> [Data section]:
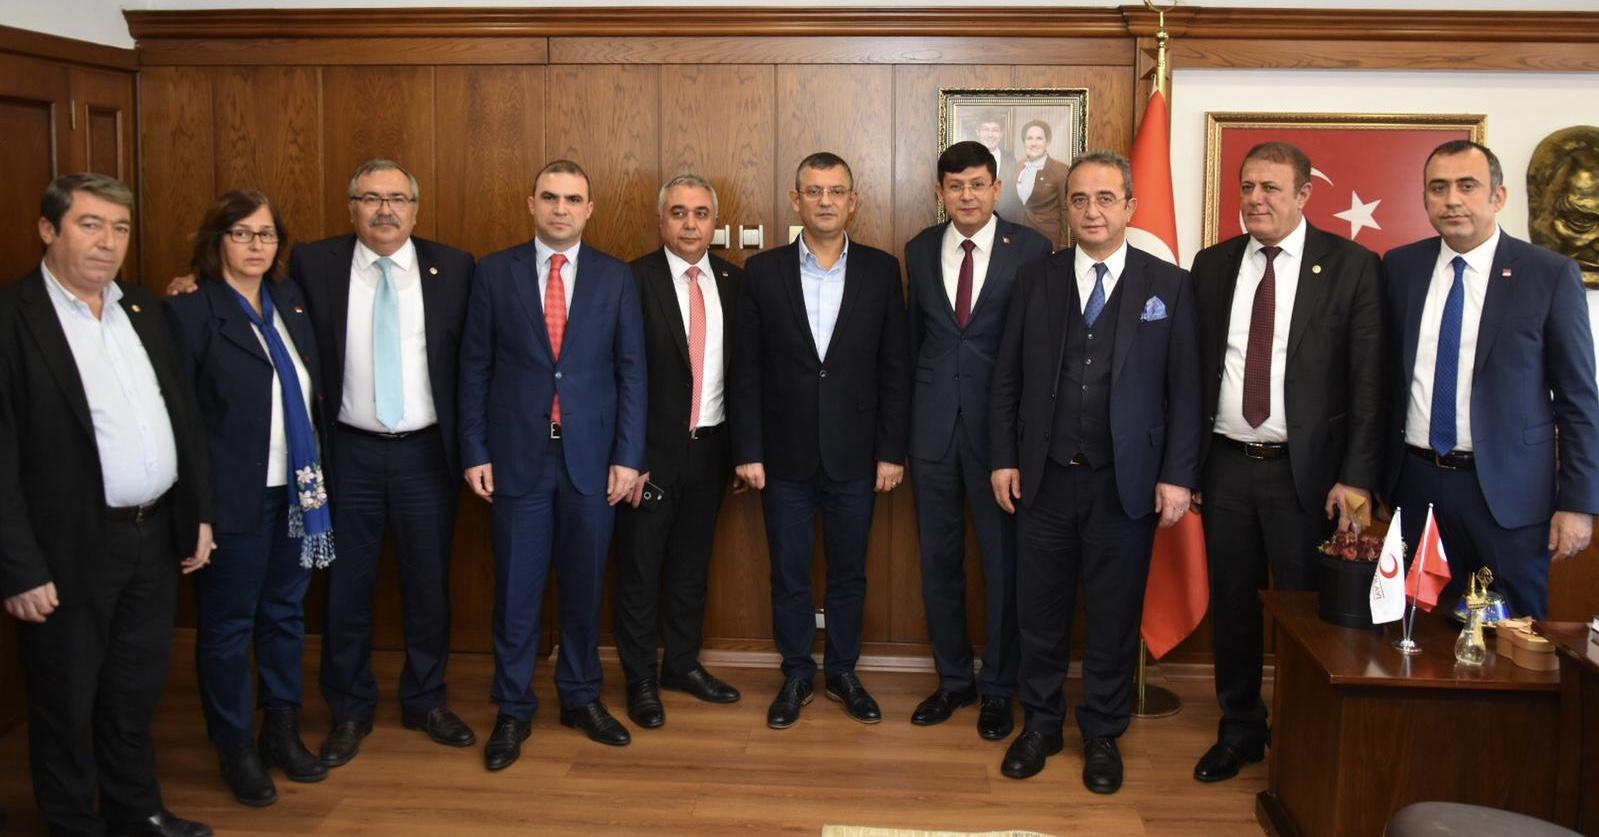 CHP'nin kurmaylarından Başkan Özcan'a ziyaret
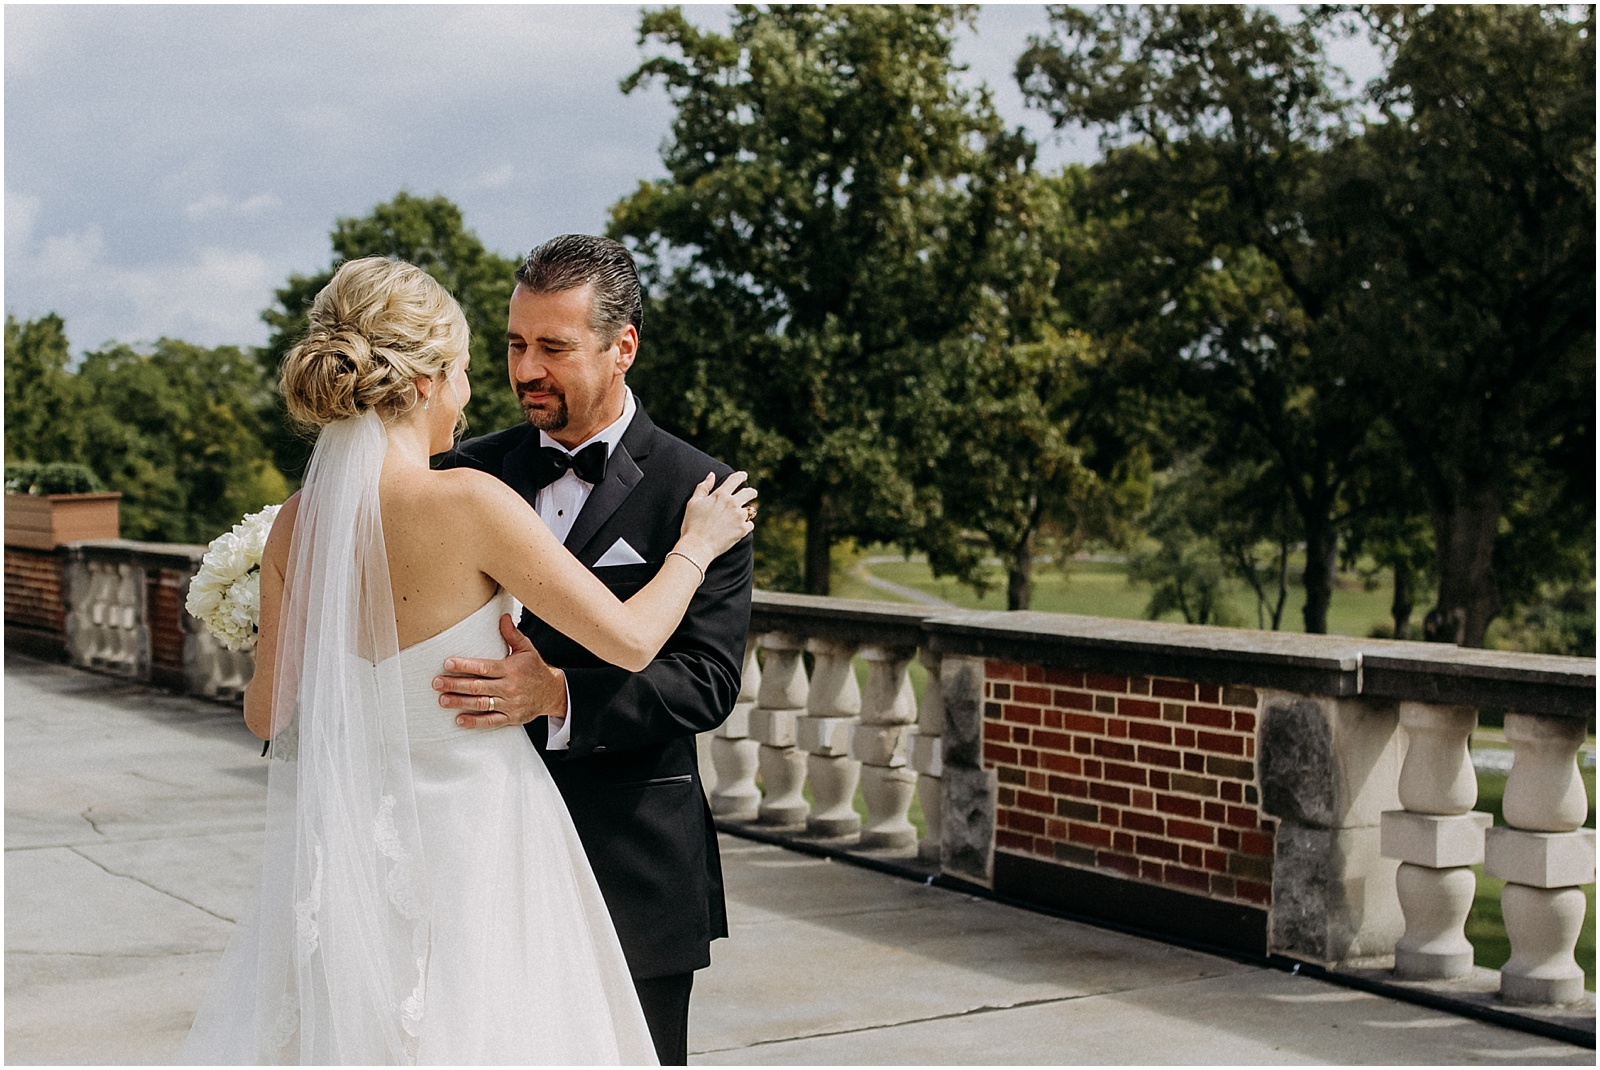 glen_echo_st_louis_mo_wedding_0042.jpg
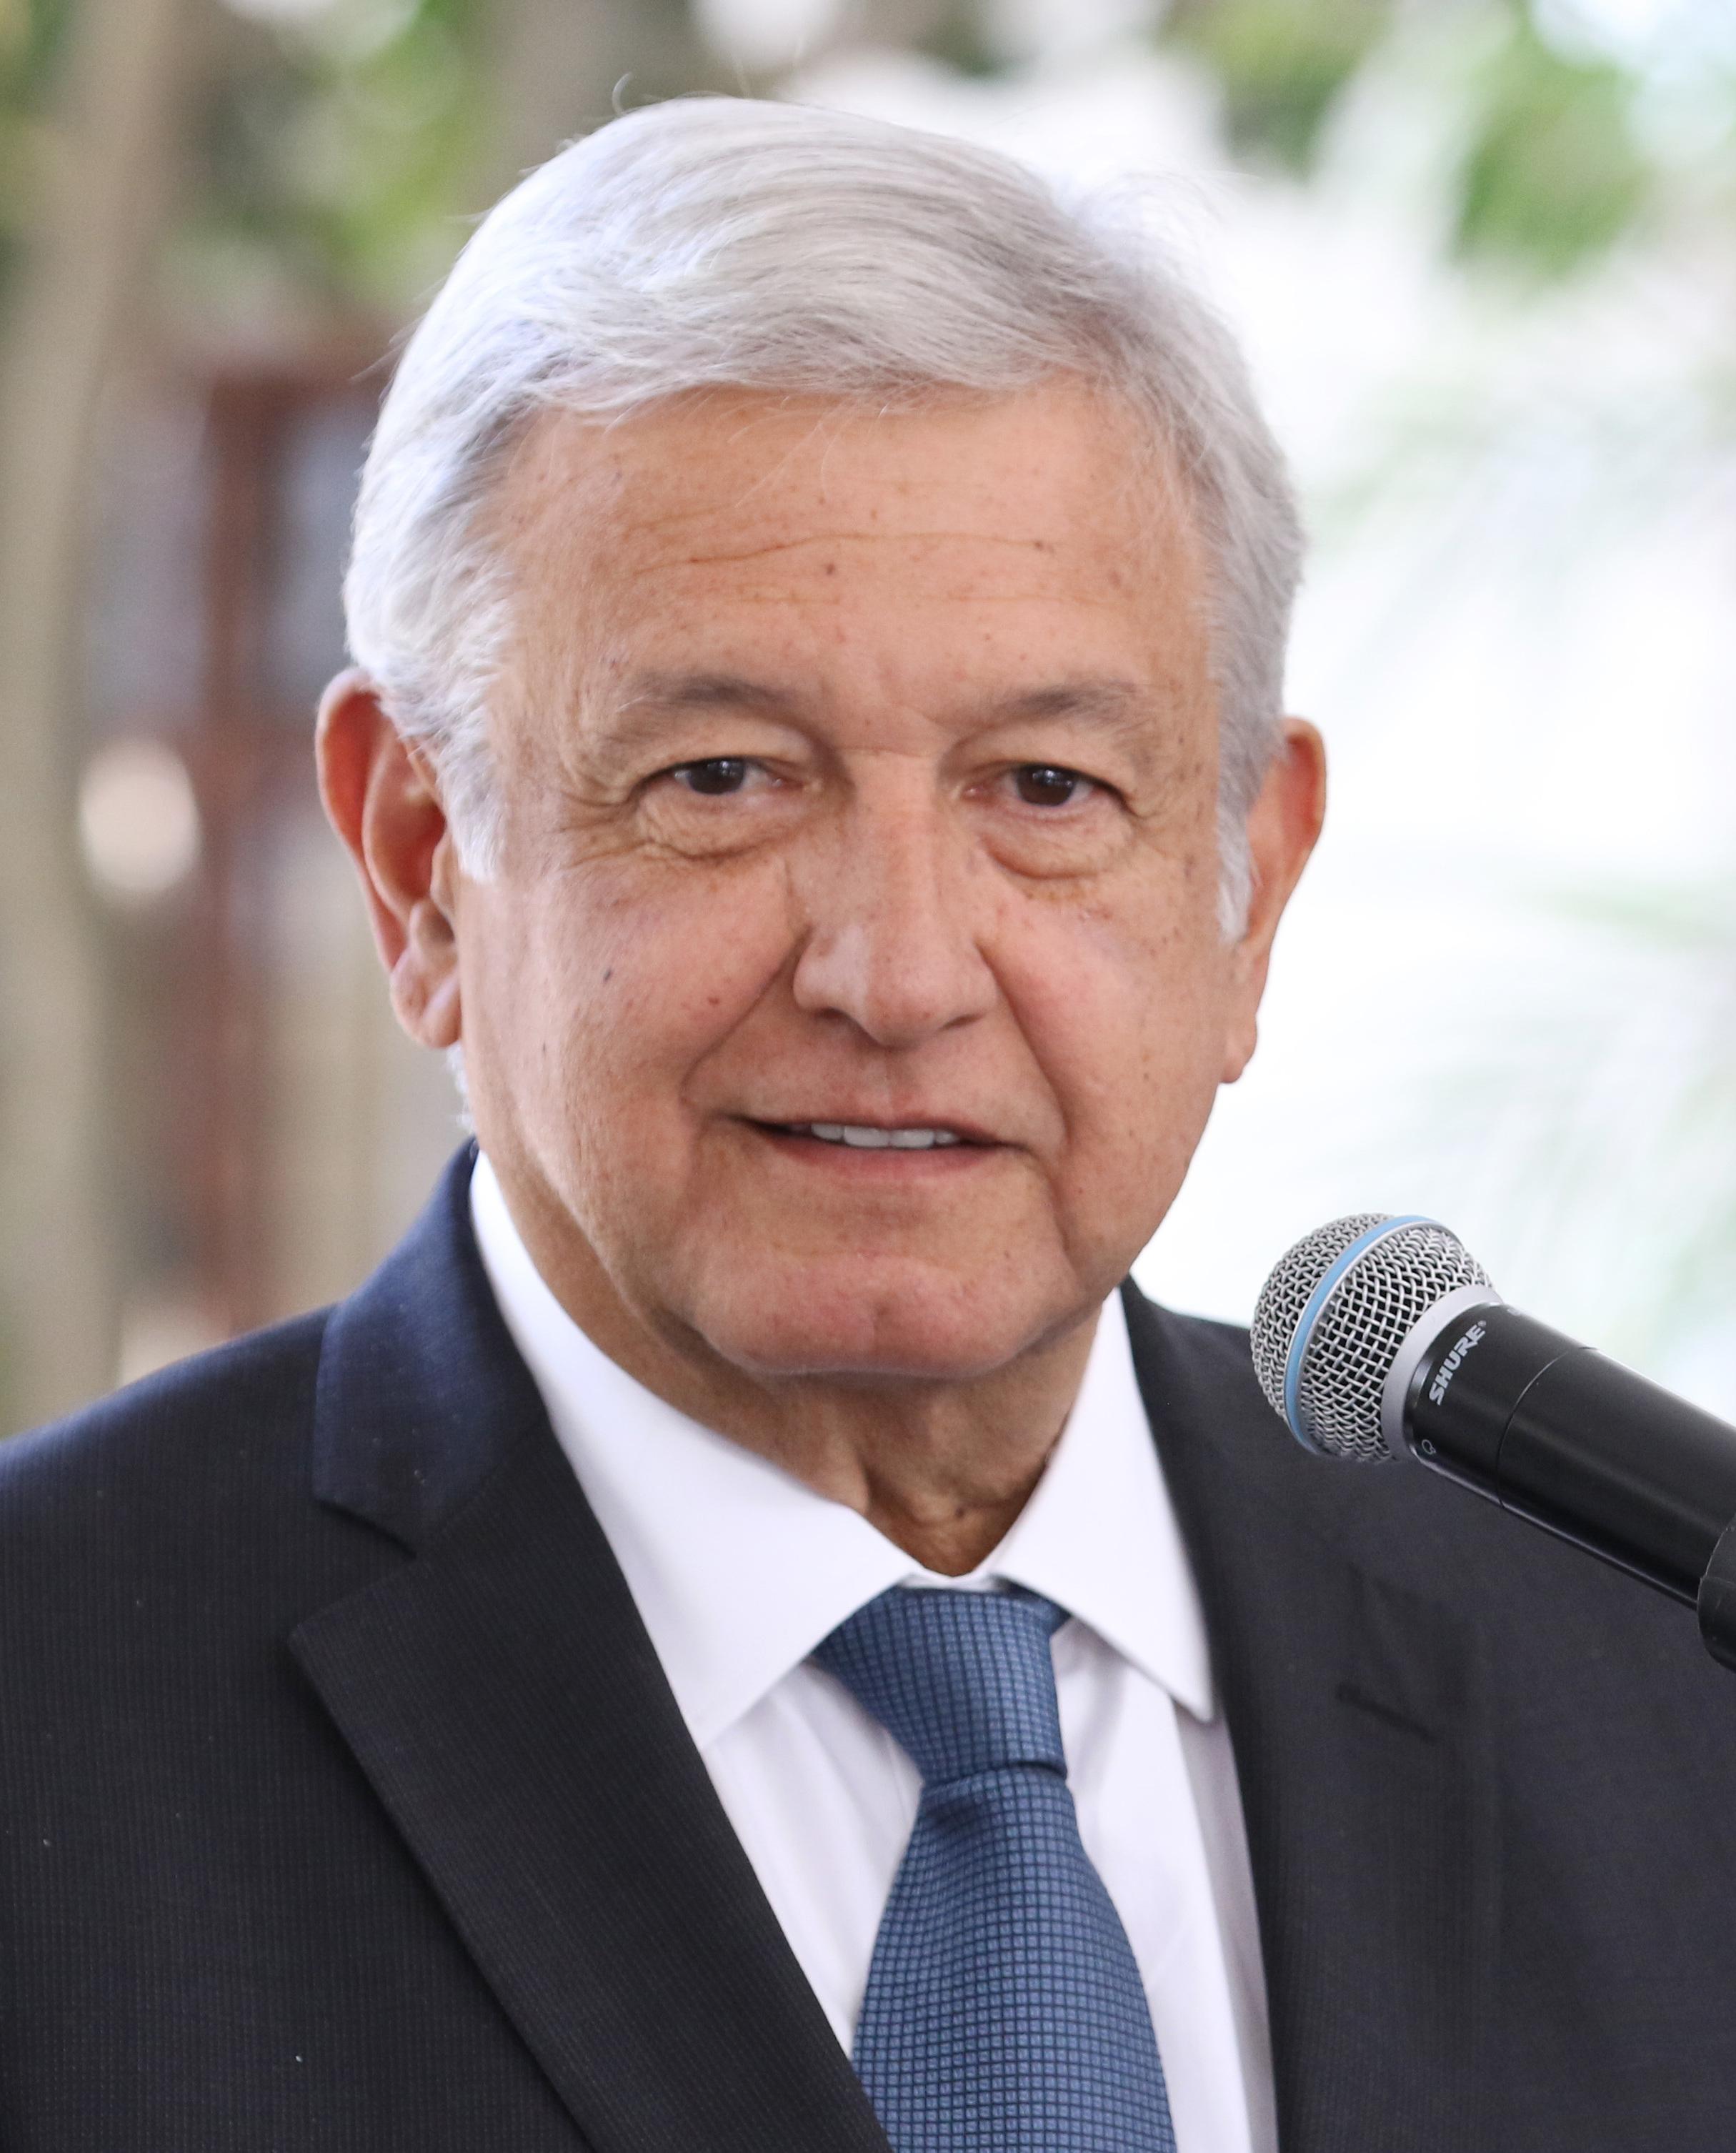 Andres Manuel Lopez Obrador Wikipedia

> [What is being asked]: Word for word, restate only the lines from the one bearing "glen_echo_st_louis_mo_wedding_0042.jpg" through the final line of the listing, inclusive, with no pictures.

> [Finished exercise]:
 glen_echo_st_louis_mo_wedding_0042.jpg
 Andres Manuel Lopez Obrador Wikipedia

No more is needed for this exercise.